First, read these answers carefully, they contain parts of the required answers, and also briefly explain what the classifier does and how it works in NLTK:
Test classifier for annotated data
Now to answer your question. We assume that your question is a continuation of this question: Using my own enclosure instead of movie_reviews corpus for classification in NLTK
If your test text is structured in the same way as the movie_review body, you can simply read the test data as it is for the training data:
Just in case, the explanation of the code is unclear, here's a walkthrough:
traindir = '/home/alvas/my_movie_reviews' mr = CategorizedPlaintextCorpusReader(traindir, r'(?!\.).*\.txt', cat_pattern=r'(neg|pos)/.*', encoding='ascii')
Two lines above is to read the my_movie_reviews directory with this structure:
\my_movie_reviews \pos 123.txt 234.txt \neg 456.txt 789.txt README
Then the next line retrieves the documents with the pos/neg tag, which are part of the directory structure.
documents = [([w for w in mr.words(i) if w.lower() not in stop and w not in string.punctuation], i.split('/')[0]) for i in mr.fileids()]
Here's an explanation of the line above:
# This extracts the pos/neg tag labels = [i for i.split('/')[0]) for i in mr.fileids()] # Reads the words from the corpus through the CategorizedPlaintextCorpusReader object words = [w for w in mr.words(i)] # Removes the stopwords words = [w for w in mr.words(i) if w.lower() not in stop] # Removes the punctuation words = [w for w in mr.words(i) w not in string.punctuation] # Removes the stopwords and punctuations words = [w for w in mr.words(i) if w.lower() not in stop and w not in string.punctuation] # Removes the stopwords and punctuations and put them in a tuple with the pos/neg labels documents = [([w for w in mr.words(i) if w.lower() not in stop and w not in string.punctuation], i.split('/')[0]) for i in mr.fileids()]
The TEST PROCESS should be applied when you read the test data.
Now for handling functions:
The following lines contain an additional 100 functions for the classifier:
Next to the processing of documents in a format suitable for classification:
# Splits the training data into training size and testing size numtrain = int(len(documents) * 90 / 100) # Process the documents for training data train_set = [({i:(i in tokens) for i in word_features}, tag) for tokens,tag in documents[:numtrain]] # Process the documents for testing data test_set = [({i:(i in tokens) for i in word_features}, tag) for tokens,tag in documents[numtrain:]]

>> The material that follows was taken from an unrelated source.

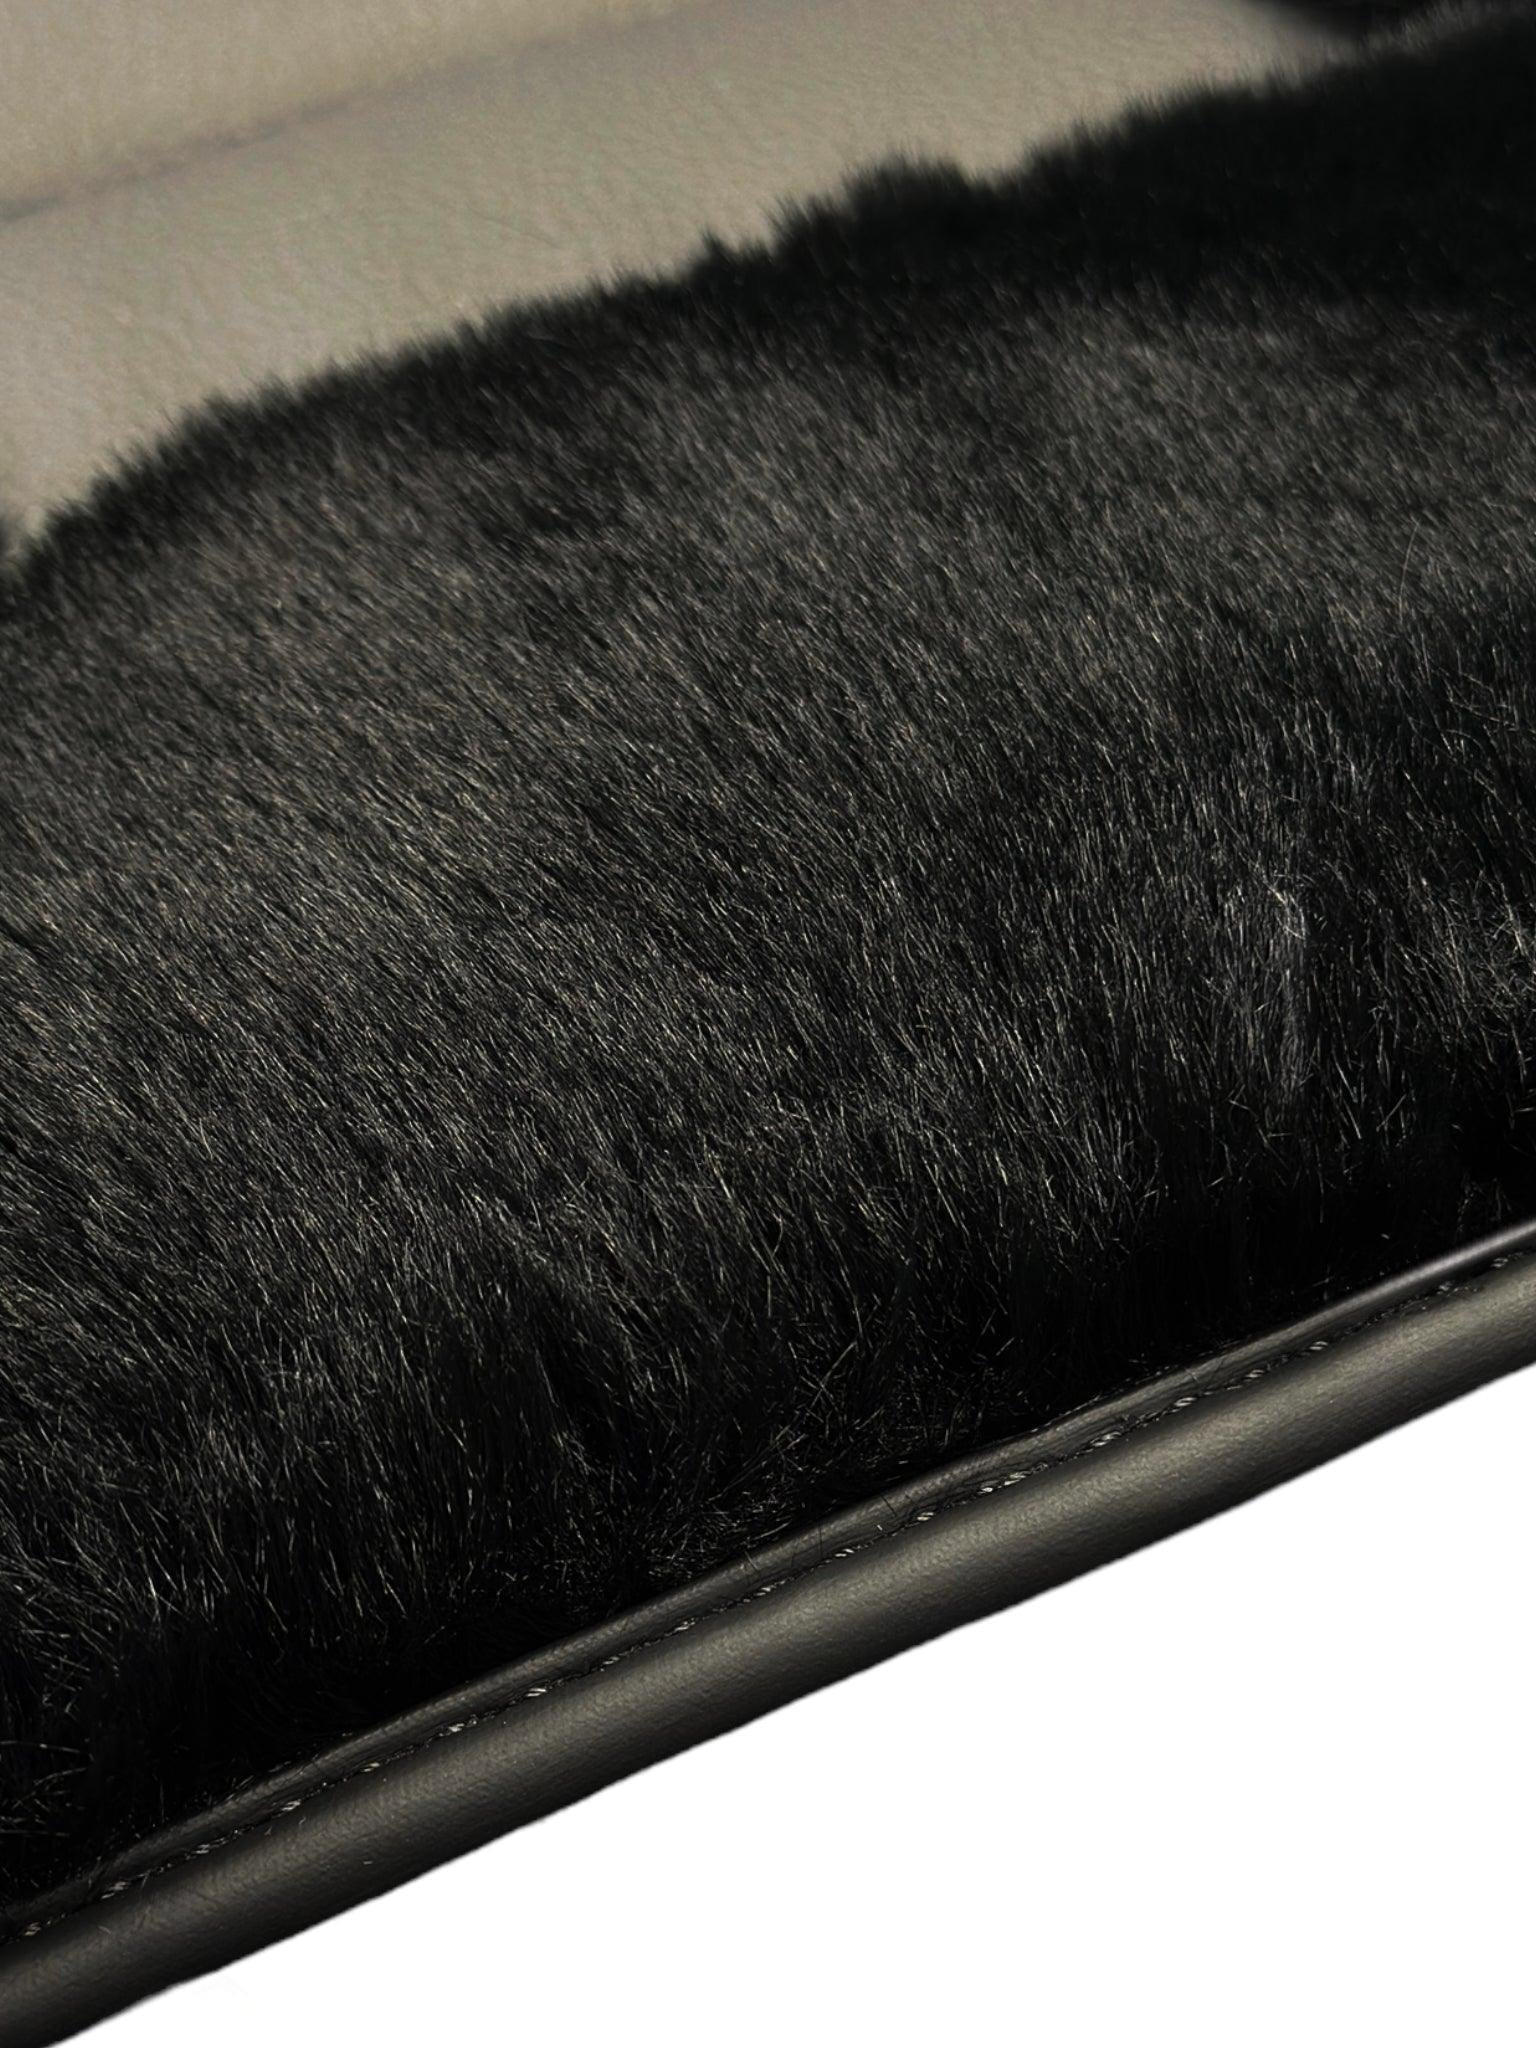 Black Sheepskin Floor Floor Mats For BMW X5 Series E70 ER56 Design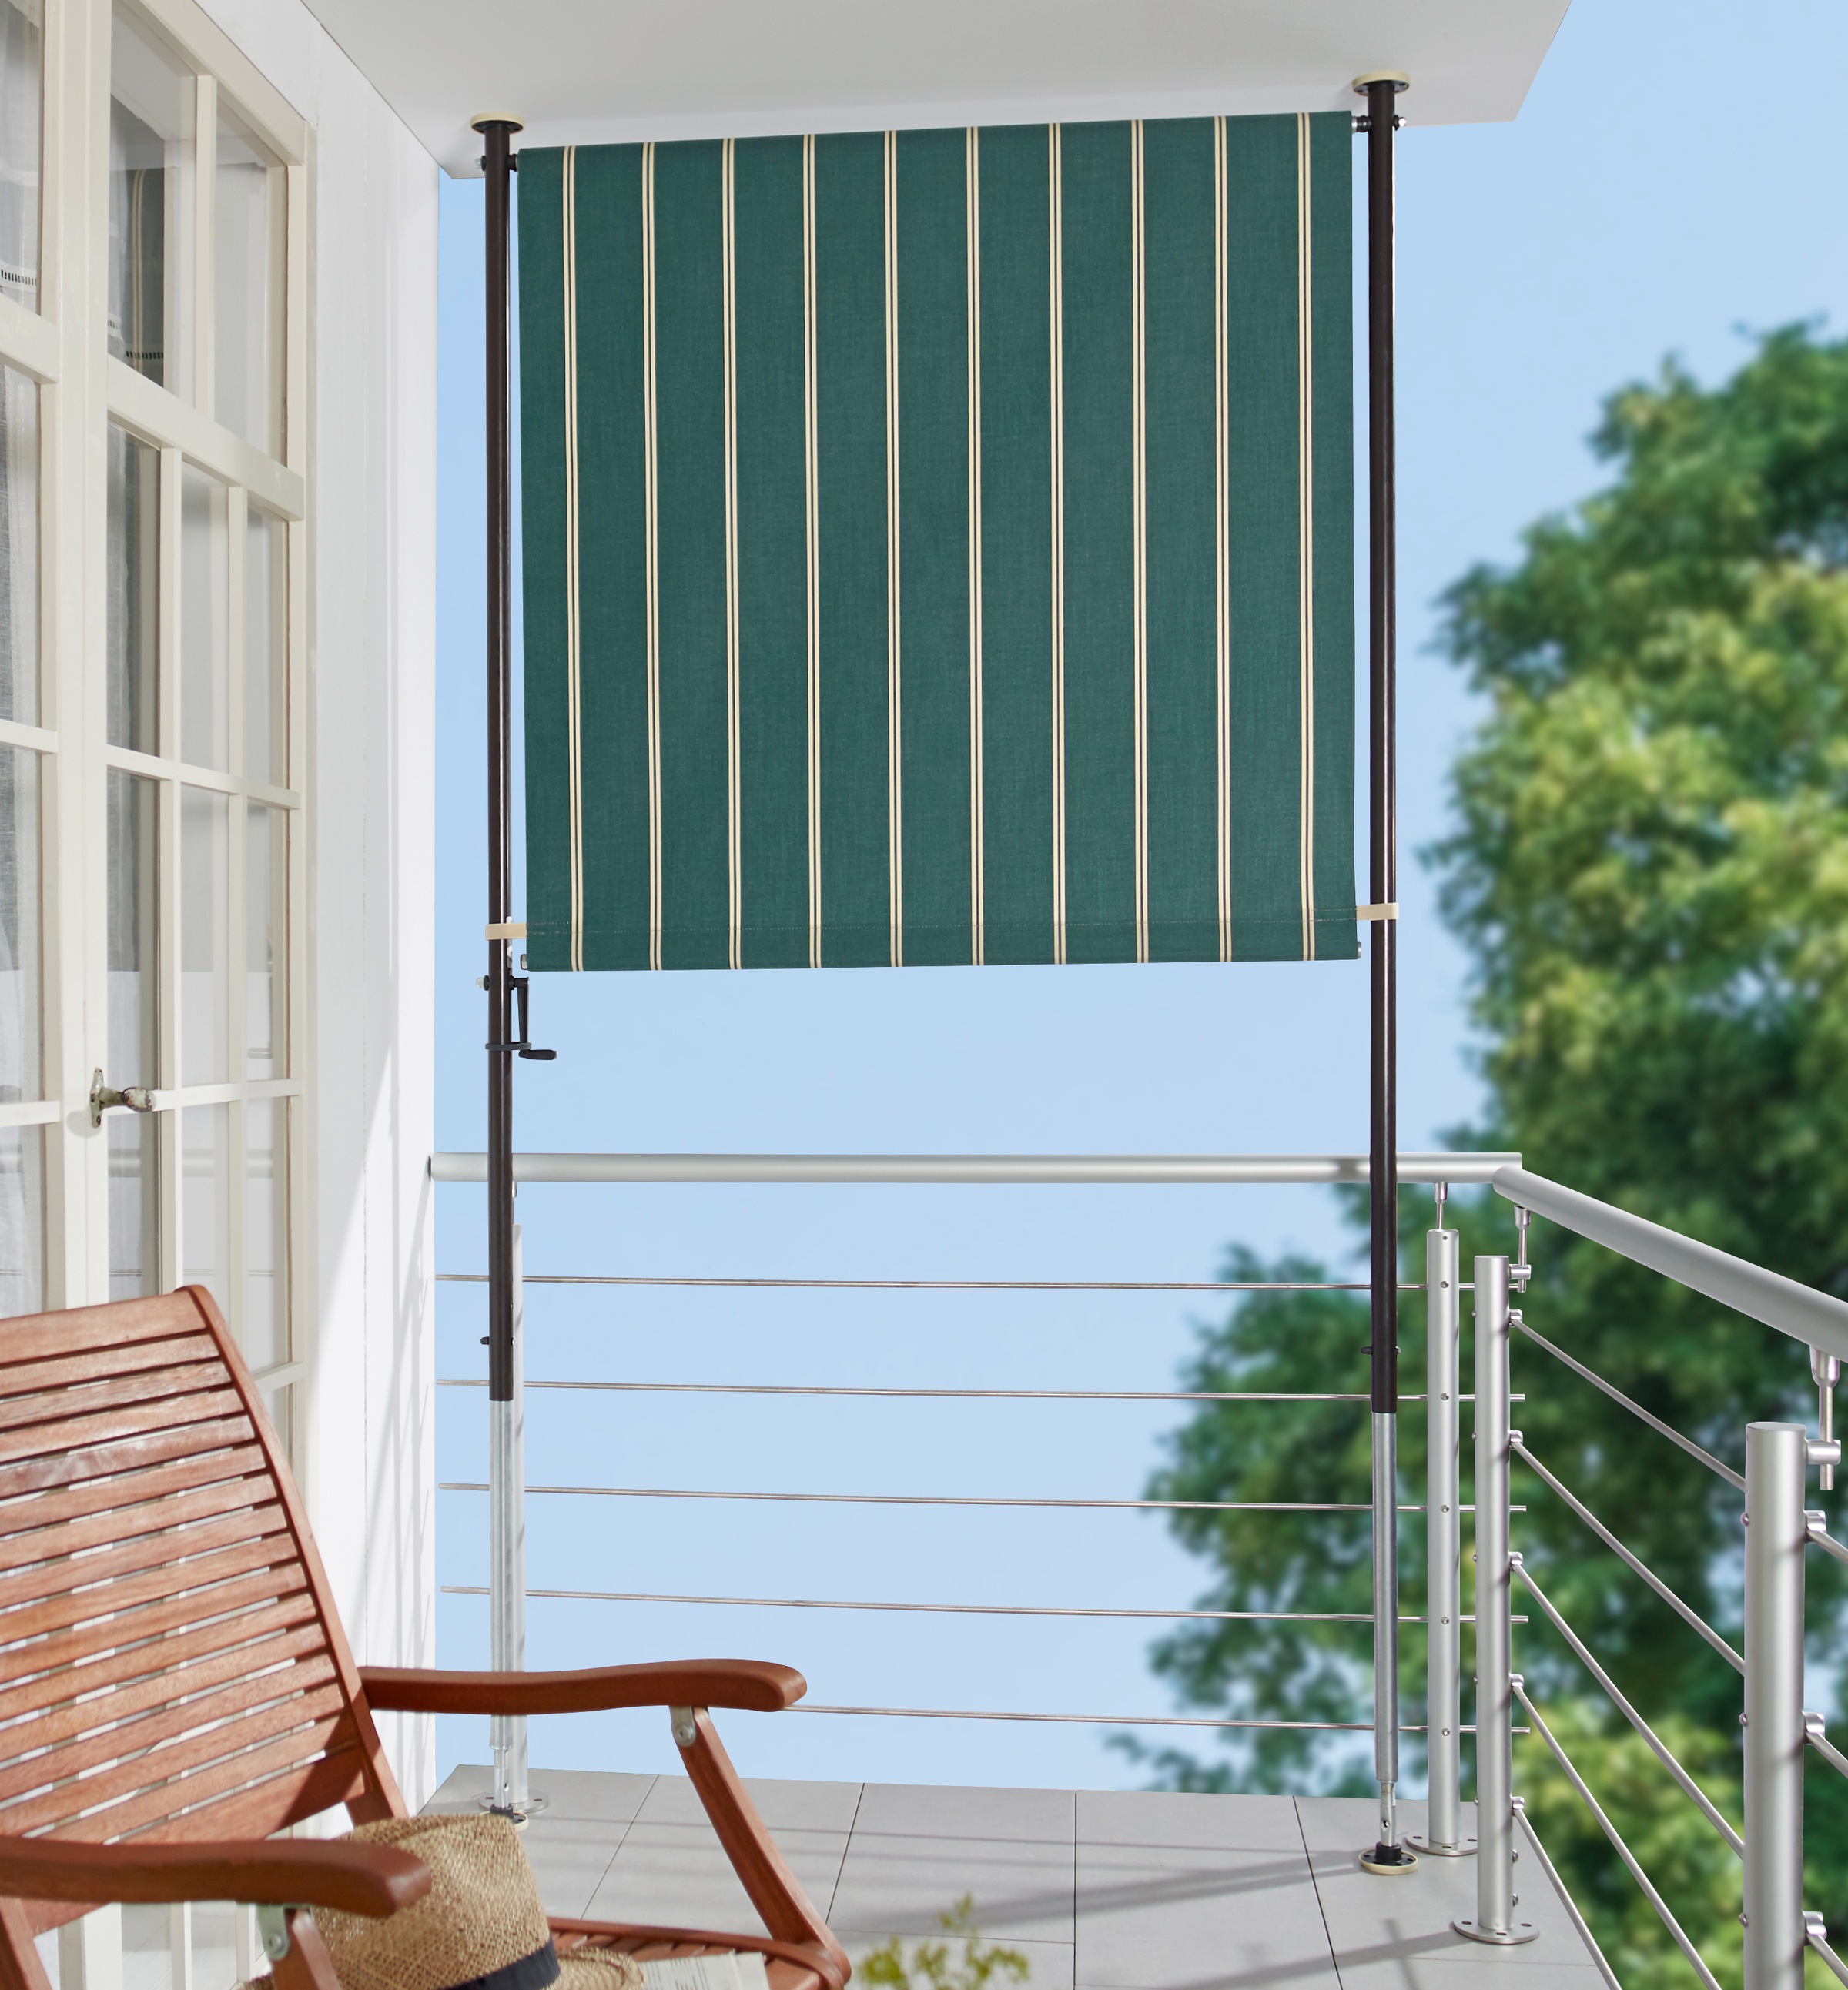 Angerer Freizeitmöbel Klemm-Senkrechtmarkise, grün/weiß, BxH: 150x225 cm

Now, to explain that understanding the long list for train_set and `test_set:
You need to process the documents as described above for the function extracts in the test documents.
So how can you read the test data:
stop = stopwords.words('english') # Reads the training data. traindir = '/home/alvas/my_movie_reviews' mr = CategorizedPlaintextCorpusReader(traindir, r'(?!\.).*\.txt', cat_pattern=r'(neg|pos)/.*', encoding='ascii') # Converts training data into tuples of [(words,label), ...] documents = [([w for w in mr.words(i) if w.lower() not in stop and w not in string.punctuation], i.split('/')[0]) for i in mr.fileids()] # Now do the same for the testing data. testdir = '/home/alvas/test_reviews' mr_test = CategorizedPlaintextCorpusReader(testdir, r'(?!\.).*\.txt', cat_pattern=r'(neg|pos)/.*', encoding='ascii') # Converts testing data into tuples of [(words,label), ...] test_documents = [([w for w in mr_test.words(i) if w.lower() not in stop and w not in string.punctuation], i.split('/')[0]) for i in mr_test.fileids()]
Then continue with the processing steps above and just do it to get the label for the test document, as @yvespeirsman answered:
If the above code and explanation do not make any sense to you, then you MUST read this guide before continuing: http://www.nltk.org/howto/classify.html
Now let's say that you have no comments in your test data, i.e. your test.txt not in a directory structure such as movie_review and just in a text file:
\test_movie_reviews \1.txt \2.txt
Then it makes no sense to read it in a categorized case, you can just read and mark the documents, that is:
for infile in os.listdir(`test_movie_reviews): for line in open(infile, 'r'): tagged_label = classifier.classify(doc)
BUT you CANNOT evaluate results without annotation , so you cannot check the tag if if-else , and you also need to tokenize the re text without using CategorizedPlaintextCorpusReader.
If you just want to mark the plaintext file test.txt :
import string from itertools import chain from nltk.corpus import stopwords from nltk.probability import FreqDist from nltk.classify import NaiveBayesClassifier from nltk.corpus import movie_reviews from nltk import word_tokenize stop = stopwords.words('english')
Once again, please do not just copy and paste the solution and try to understand why and how it works.